Wednesday, March 26, 2014

Brazil ensures net neutrality

After years of discussion and six months being discussed as an urgent subject in the Brazilian Chamber of Deputies, the set of laws regulating the internet (known as the civil landmark of internet) was approved this Tuesday. The law still has to be approved by the senate, where the government has a more comfortable position. Its approval means the president was able to control the allies rebellion and also puts Brazil on the map of an international discussion over the issue of network neutrality (that has been opposing Internet Service Providers, as the Telecom companies, and Internet Companies, such as Google).
Agência Câmara
Activists celebrate the approval of the internet law
that ensures net neutrality in Brazil

Folha de S. Paulo front page today was about the law passing. The newspaper said it puts Brazil in the vanguard of the internet, calling the law a "constitution" of the internet. It mentions, though, that the text changed after the lobby of Google to remove the determination to nationalize data centers for all the business conducted in Brazil  -- which would impose that all virtual services had a local server in Brazil. This demand was not on the original project and was put in the text after the NSA scandal broke the news. It was supposed a political statement from Brazil, against the American surveillance.

O Globo said the law puts Brazil in the vanguard of the internet. The newspaper front page, though gave more space to the scandal on Petrobras, which just had one of its former directors, Paulo Roberto Costa, arrested because of a overpriced purchase of a refinery in Pasadena. The president of Petrobras, Maria das Graças Foster gave an exclusive interview for O Globo and stated it will investigate thoroughly the issue.

On the economic ground both newspapers also mentioned the reaction after Brazil had its national rating cut by Standard & Poor's. Contrarily to what might be expected the stock market and the currency reacted positively, because the market have already taken into account such measure from the rating agency.

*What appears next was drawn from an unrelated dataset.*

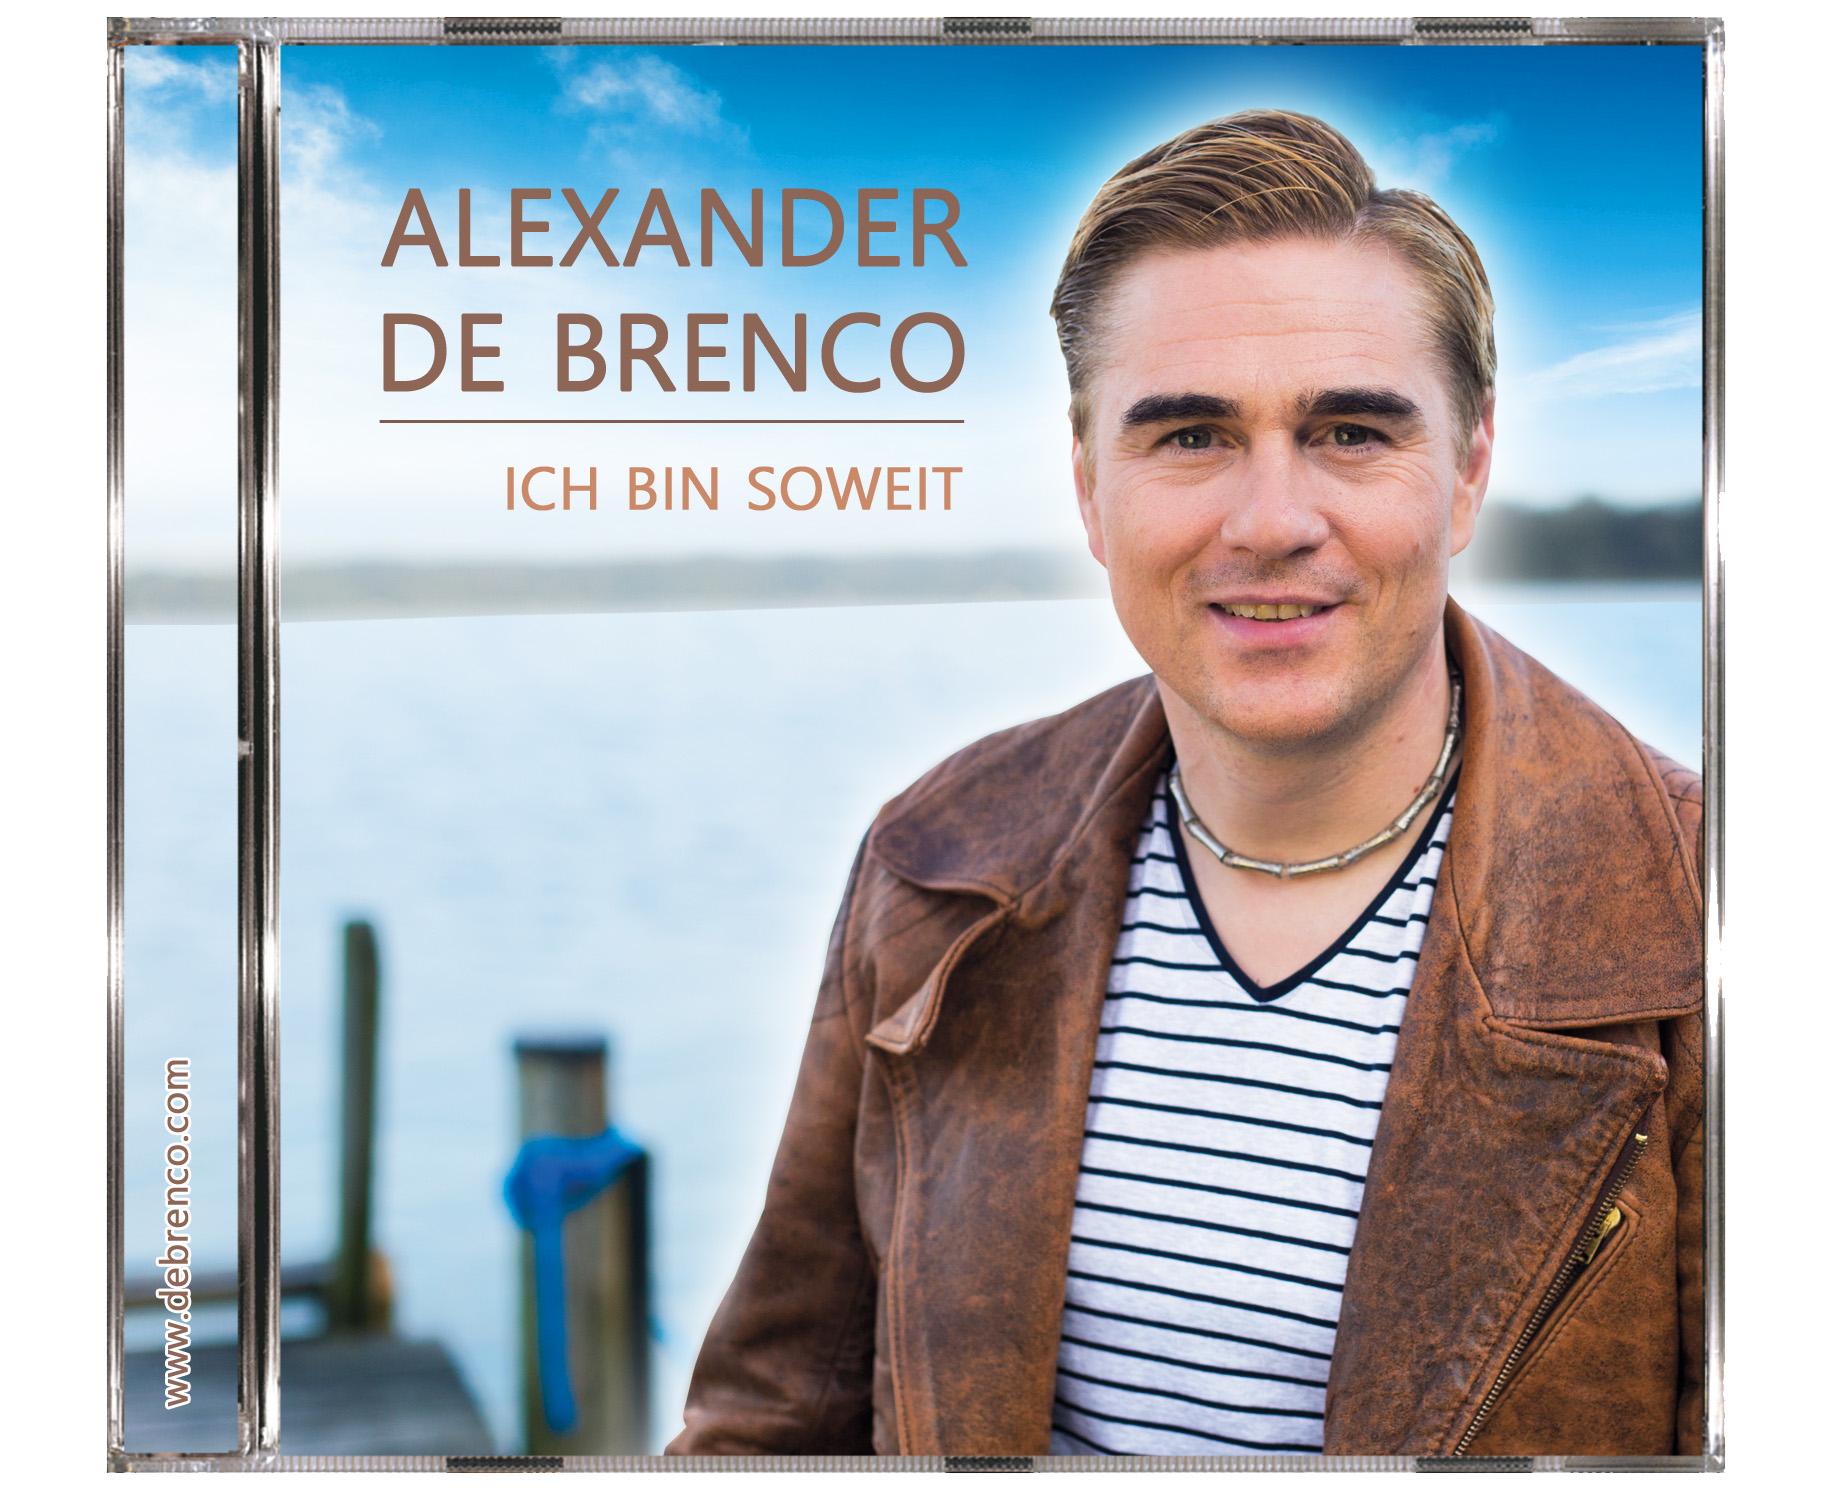 Alexander de Brenco Album Ich bin soweit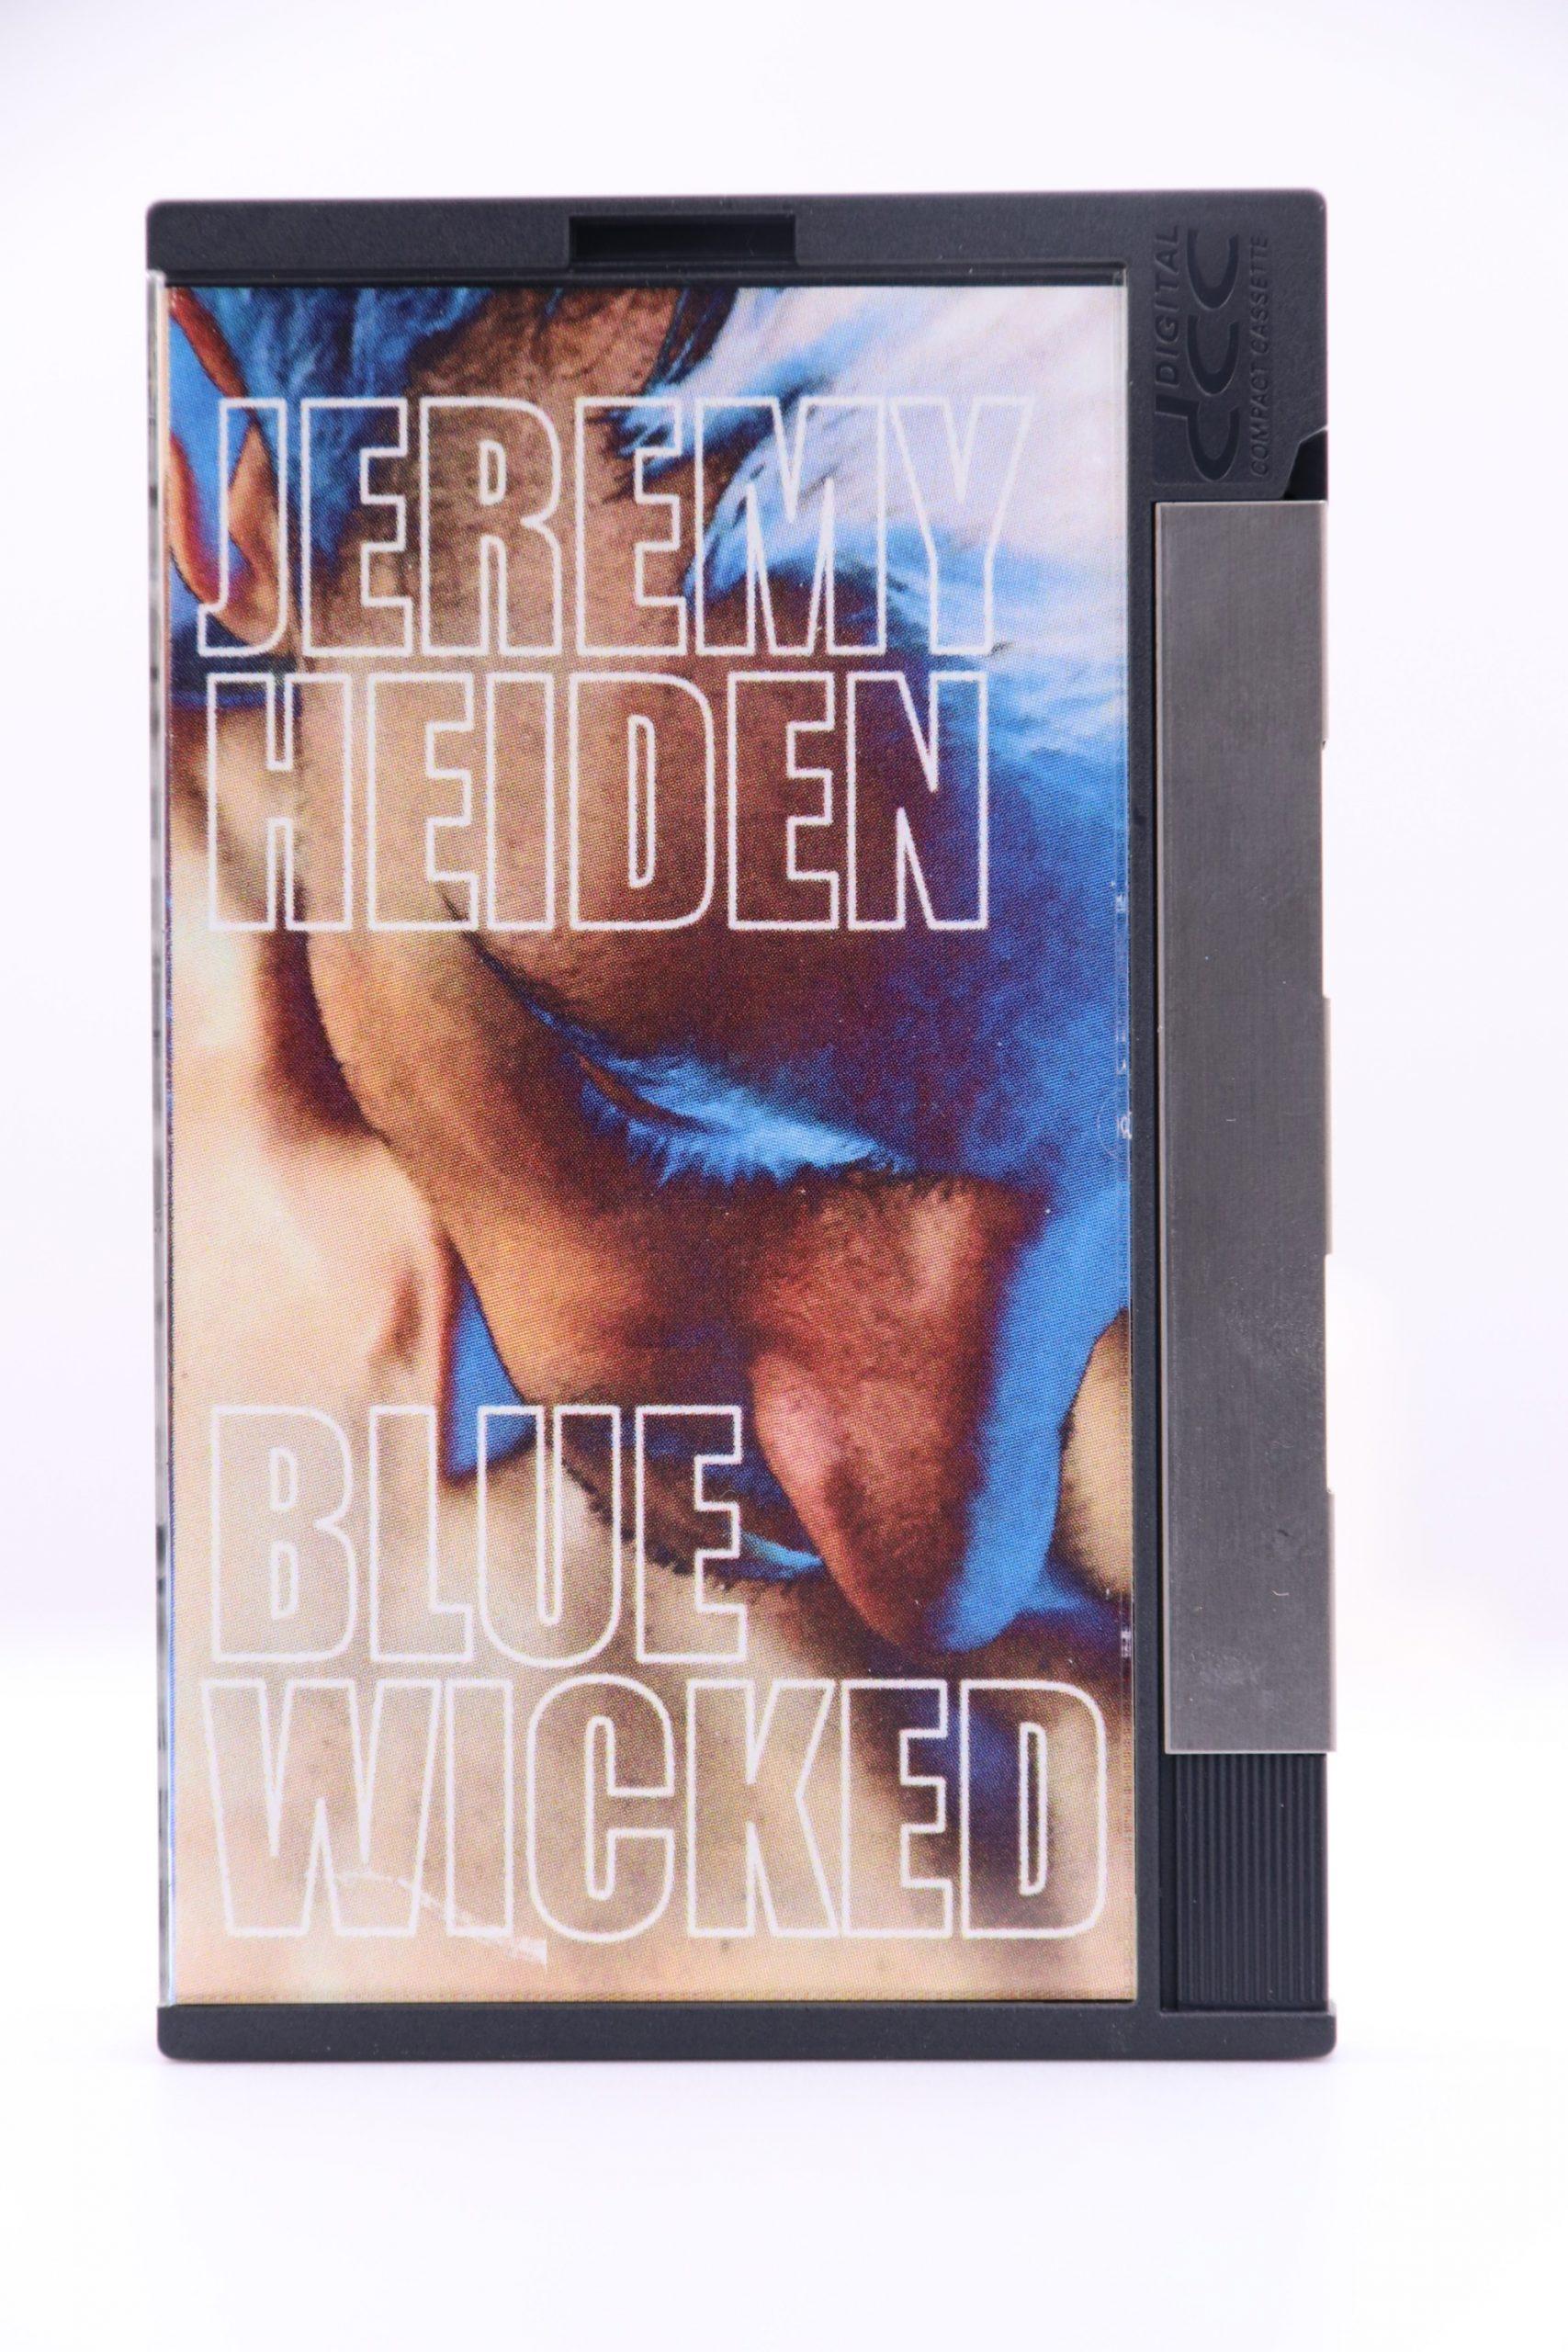 Jeremy Heiden - Blue Wicked

Finally to complete the subjects covered in the media last week, the proximity of the 50 years of the military coup in Brazil motivated a series os special reports on the main media. Folha de S. Paulo again made a multimedia rich, Snowfall-like, special report on the military dictatorship, which is very interesting. The newspaper covers the whole process that led to the coup, trying also to put in context the role of the Brazilian left at that time, which was also fighting for its own revolution. The story also pointed out to the unsettled case of the amnesty to military torturers and brings the transcriptions of the US ambassador and presidents John Kennedy and Lyndon Johnson, both supporting the military coup. O Globo is publishing during this week a series of stories about the coup.